The first perl command swaps x and y. The second example changes all lower case characters to upper case characters.
$perl -ne tr/xy/yx/; print; < e1.dat > e2.dat
$perl -ne tr/a-z/A-Z/; print; < emp1.dat > emp2.dat
Exercise 6:
Write a Perl program to get rid of all comments of an Ada program, "ex1.ada". In Ada, anything after -- in a line is discarded by the compiler. Print out the Ada program without comments to the standard output file.

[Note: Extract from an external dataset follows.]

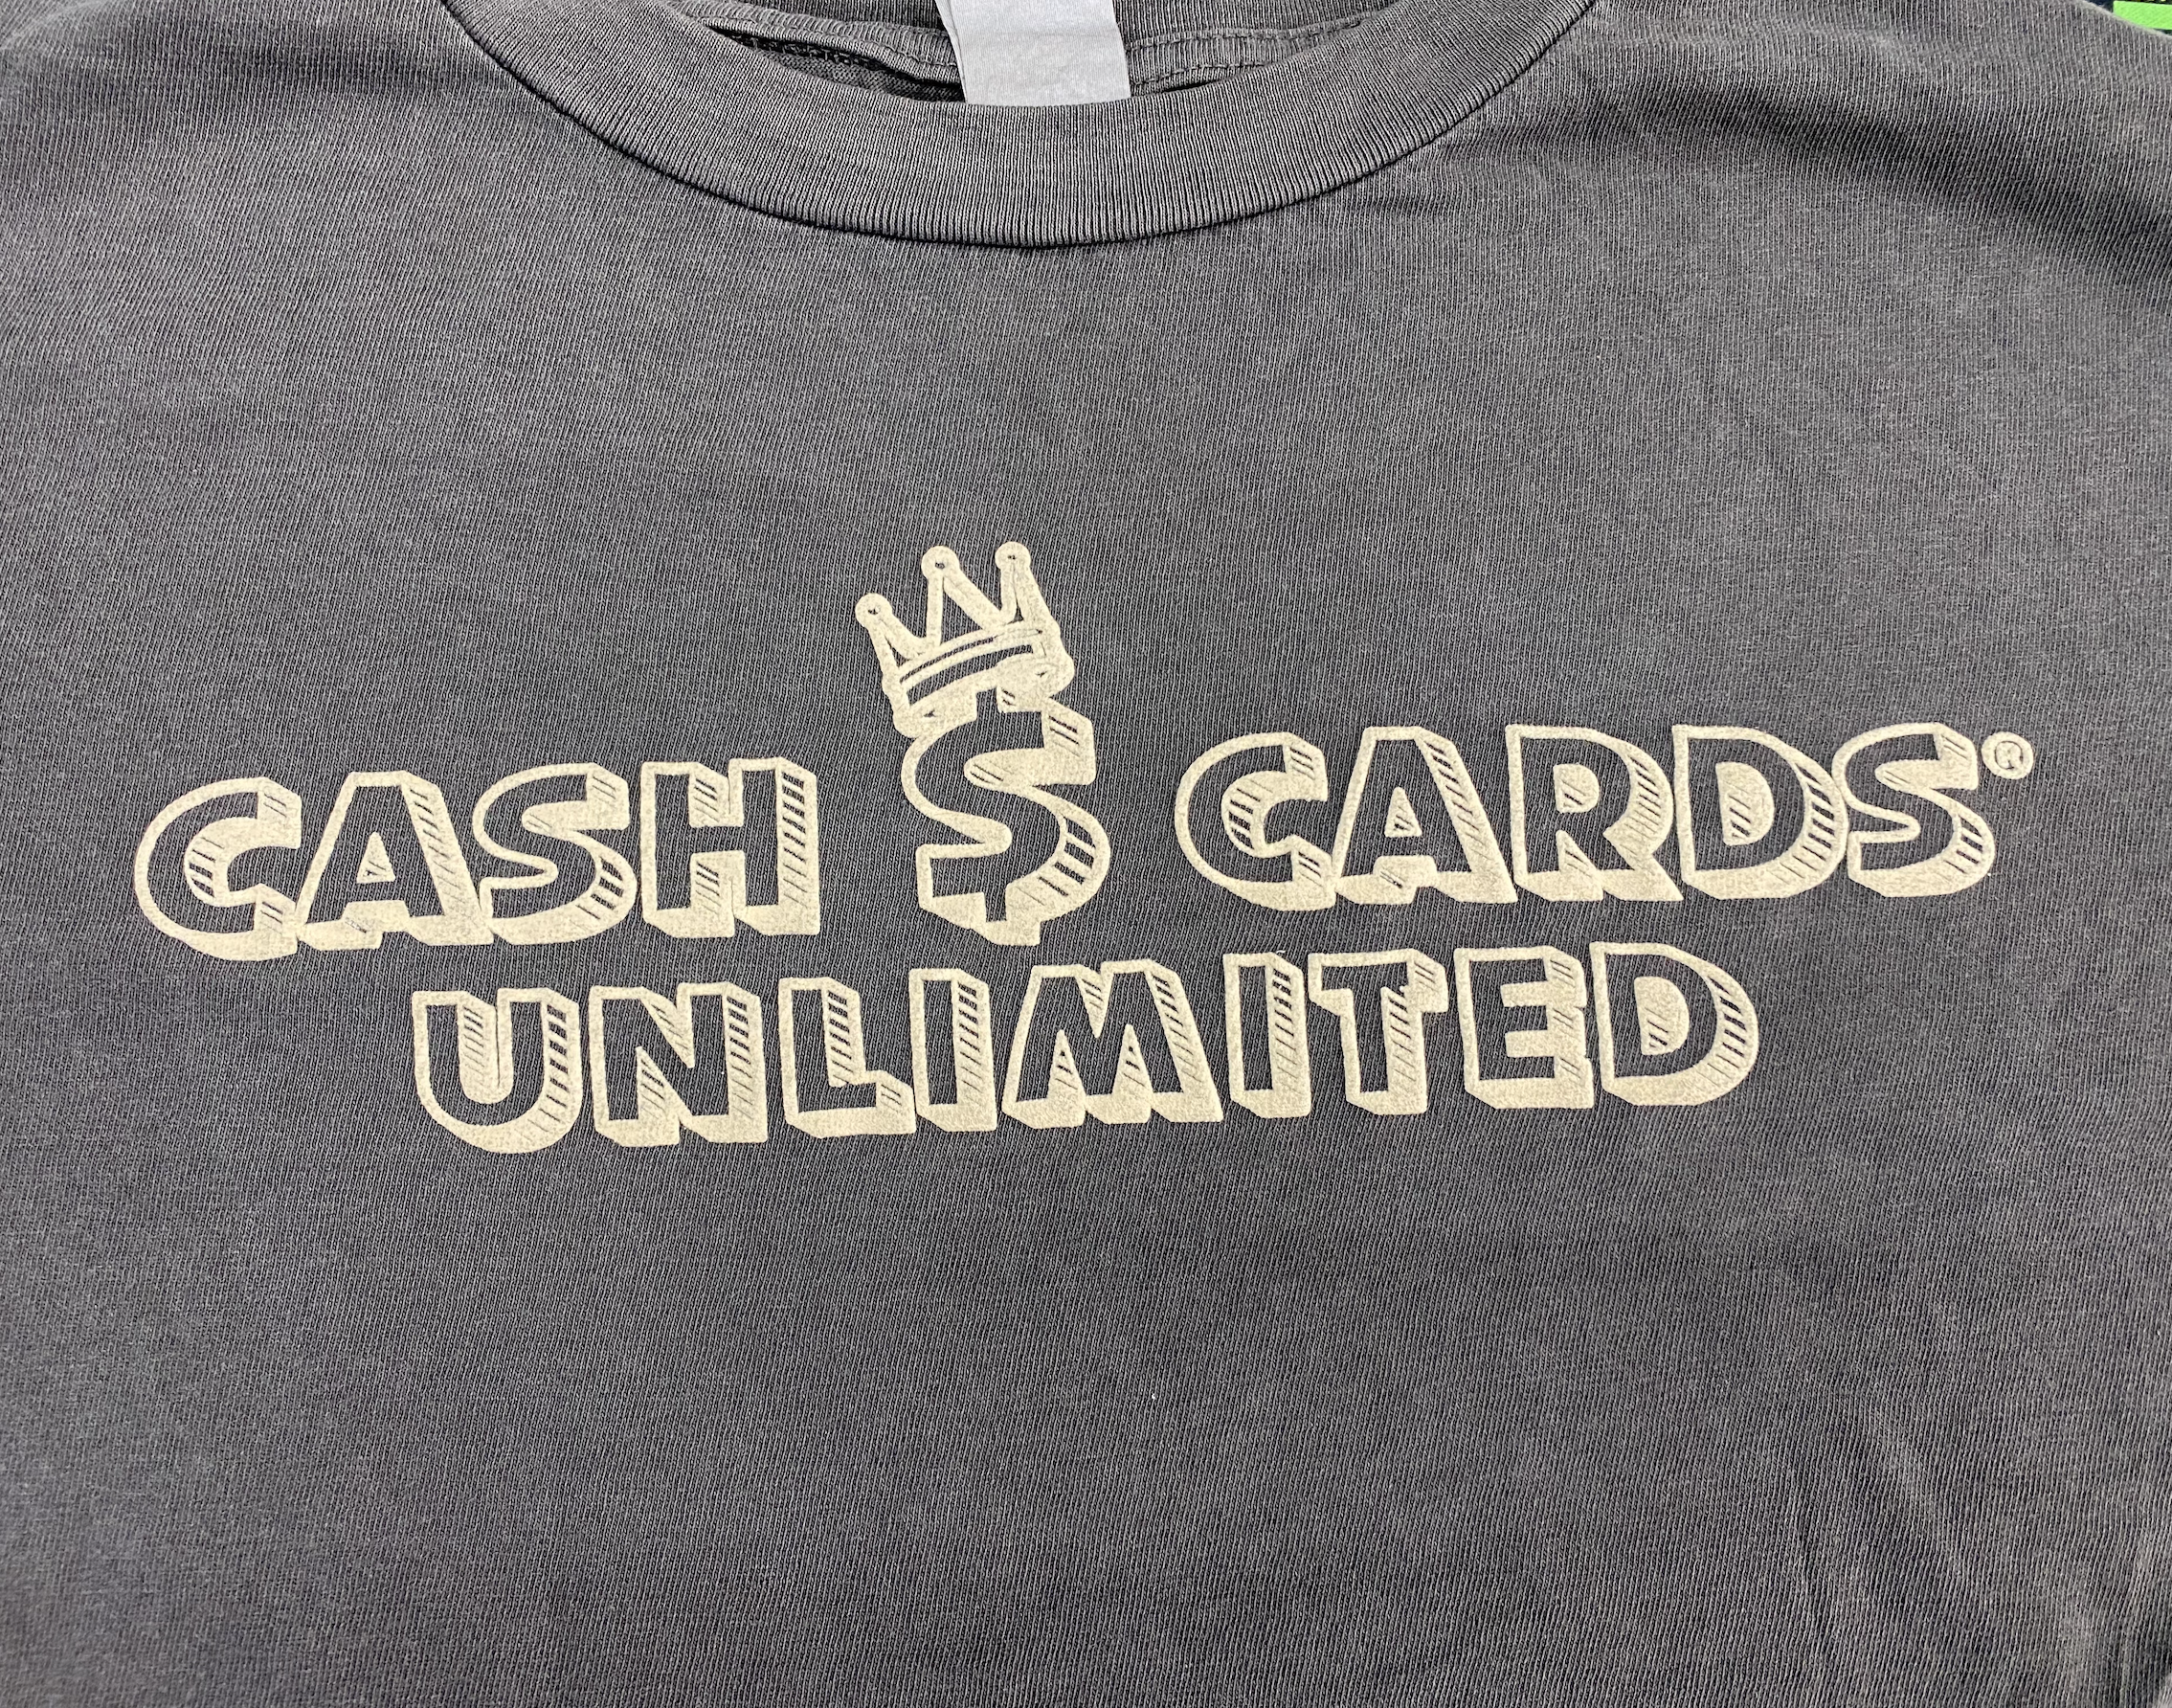 Cash Cards Unlimited Street Wear T-Shirt (Gray/2X-Large)

4. Suggested Solution to Classwork Exercise
1. For example,
{ $ch eq 'a' && ($a_ct++, last);
$ch eq 'e' && ($e_ct++, last);
$ch eq 'I' && ($i_ct++, last);
$ch eq 'o' && ($o_ct++, last);
$ch eq 'u' && ($u_ct++, last);
$other_ct++;
}
# or
{ ($a_ct++, last) if ($ch eq 'a');
($e_ct++, last) if ($ch eq 'e');
($i_ct++, last) if ($ch eq 'I');
($o_ct++, last) if ($ch eq 'o');
($u_ct++, last) if ($ch eq 'u');
$other_ct++;
}
# or
S1:
{ $ch eq 'a' && do {$a_ct++; last S1;}
$ch eq 'e' && do {$e_ct++; last S1;}
$ch eq 'I' && do {$i_ct++; last S1;}
$ch eq 'o' && do {$o_ct++; last S1;}
$ch eq 'u' && do {$u_ct++; last S1;}
$other_ct++;
}
(2)
(a) [aeiouAEIOU]
(b) [^aeiouAEIOU]
(c) [^AZ]
(d) \010
(e) [\r\f]
(f) \^
(g) [kwo\-bunYe]
(3)
(a) /abcde|edbca/
(b) /b{2,}c{7,}/
(c) /\**\$*\+*/
(d) /^\^a{3,4}/
(e) /(.|\n){10}$/
(f) /\b(\w*)\b(.*\b\1\b)+/
(4) For example,
#!/usr/bin/perl
open(IN, "a.a");
while (<IN>)
{ if ((/a/) && (/c/) && (/e/) && (/g/))
{ print;
}
}
(5) For example,
# Decompose a file into tokens with
# white spaces as delimiters.
open(IN, "some.file");
while (<IN>)
{ chop;
@words = (@words, split(/\s+/));
}
(6) For example.
#!/usr/bin/perl
# This does not take care of the problem of
# - inside a string.
open(IN, "ex1.ada");
while (<IN>)
{ while (/(.*)--/)
{ $_ = $1 . "\n";
}
print;
}
or simply:
# This does not take care of the problem of
# - inside a string.
perl -ne "chomp; s/^(.*?)--.*/\1/; print qq($_\n);" ex1.ada